Jinhyuk Lee, Mujeen Sung, Jaewoo Kang, Danqi Chen
Open-domain question answering can be reformulated as a phrase retrieval problem, without the need for processing documents on-demand during inference (Seo et al., 2019). However, current phrase retrieval models heavily depend on sparse representations and still underperform retriever-reader approaches. In this work, we show for the first time that we can learn dense representations of phrases alone that achieve much stronger performance in open-domain QA. We present an effective method to learn phrase representations from the supervision of reading comprehension tasks, coupled with novel negative sampling methods. We also propose a query-side fine-tuning strategy, which can support transfer learning and reduce the discrepancy between training and inference. On five popular open-domain QA datasets, our model DensePhrases improves over previous phrase retrieval models by 15%-25% absolute accuracy and matches the performance of state-of-the-art retriever-reader models. Our model is easy to parallelize due to pure dense representations and processes more than 10 questions per second on CPUs. Finally, we directly use our pre-indexed dense phrase representations for two slot filling tasks, showing the promise of utilizing DensePhrases as a dense knowledge base for downstream tasks.

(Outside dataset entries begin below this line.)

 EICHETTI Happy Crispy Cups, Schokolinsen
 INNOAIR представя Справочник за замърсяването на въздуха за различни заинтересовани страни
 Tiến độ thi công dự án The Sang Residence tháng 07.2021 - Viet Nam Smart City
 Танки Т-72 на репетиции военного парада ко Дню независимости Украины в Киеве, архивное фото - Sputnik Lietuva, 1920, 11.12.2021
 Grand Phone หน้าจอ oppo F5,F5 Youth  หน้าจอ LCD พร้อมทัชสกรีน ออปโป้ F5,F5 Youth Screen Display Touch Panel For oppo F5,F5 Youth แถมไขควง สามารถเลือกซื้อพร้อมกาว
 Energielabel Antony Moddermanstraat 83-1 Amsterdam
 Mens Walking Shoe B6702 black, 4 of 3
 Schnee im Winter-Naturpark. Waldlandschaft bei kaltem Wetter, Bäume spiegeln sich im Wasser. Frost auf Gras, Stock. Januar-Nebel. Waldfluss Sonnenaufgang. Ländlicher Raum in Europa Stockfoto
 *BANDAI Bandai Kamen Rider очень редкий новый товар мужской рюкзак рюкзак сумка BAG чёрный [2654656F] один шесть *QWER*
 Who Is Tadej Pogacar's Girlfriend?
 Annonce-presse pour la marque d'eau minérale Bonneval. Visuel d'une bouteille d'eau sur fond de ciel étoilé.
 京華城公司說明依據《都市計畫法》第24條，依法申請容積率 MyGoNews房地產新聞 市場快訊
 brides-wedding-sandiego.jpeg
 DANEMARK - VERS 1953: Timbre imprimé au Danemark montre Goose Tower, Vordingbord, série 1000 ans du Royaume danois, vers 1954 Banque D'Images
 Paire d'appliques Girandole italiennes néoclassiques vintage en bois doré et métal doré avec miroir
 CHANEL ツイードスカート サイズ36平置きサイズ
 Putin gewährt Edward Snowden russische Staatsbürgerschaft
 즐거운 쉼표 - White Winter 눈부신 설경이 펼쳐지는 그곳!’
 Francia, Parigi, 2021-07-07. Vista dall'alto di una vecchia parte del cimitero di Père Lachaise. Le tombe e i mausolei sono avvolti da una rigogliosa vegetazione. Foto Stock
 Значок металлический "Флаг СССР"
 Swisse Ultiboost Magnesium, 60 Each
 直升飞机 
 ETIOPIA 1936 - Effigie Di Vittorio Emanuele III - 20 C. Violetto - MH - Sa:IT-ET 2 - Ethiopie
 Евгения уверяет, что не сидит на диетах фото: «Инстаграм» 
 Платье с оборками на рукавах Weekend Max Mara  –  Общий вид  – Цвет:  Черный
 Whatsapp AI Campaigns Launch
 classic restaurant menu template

| Task | Dataset | Metric | Value | Model |
|---|---|---|---|---|
| Question Answering | SQuAD1.1 dev | EM | 78.3 | DensePhrases |
| Question Answering | SQuAD1.1 dev | F1 | 86.3 | DensePhrases |
| Question Answering | Natural Questions (long) | EM | 71.9 | DensePhrases |
| Question Answering | Natural Questions (long) | F1 | 79.6 | DensePhrases |
| Slot Filling | KILT: T-REx | Accuracy | 53.9 | DensePhrases |
| Slot Filling | KILT: T-REx | F1 | 61.74 | DensePhrases |
| Slot Filling | KILT: T-REx | KILT-AC | 27.84 | DensePhrases |
| Slot Filling | KILT: T-REx | KILT-F1 | 32.34 | DensePhrases |
| Slot Filling | KILT: T-REx | R-Prec | 37.62 | DensePhrases |
| Slot Filling | KILT: T-REx | Recall@5 | 40.07 | DensePhrases |
| Slot Filling | KILT: Zero Shot RE | Accuracy | 47.42 | DensePhrases |
| Slot Filling | KILT: Zero Shot RE | F1 | 54.75 | DensePhrases |
| Slot Filling | KILT: Zero Shot RE | KILT-AC | 41.34 | DensePhrases |
| Slot Filling | KILT: Zero Shot RE | KILT-F1 | 46.79 | DensePhrases |
| Slot Filling | KILT: Zero Shot RE | R-Prec | 57.43 | DensePhrases |
| Slot Filling | KILT: Zero Shot RE | Recall@5 | 60.47 | DensePhrases |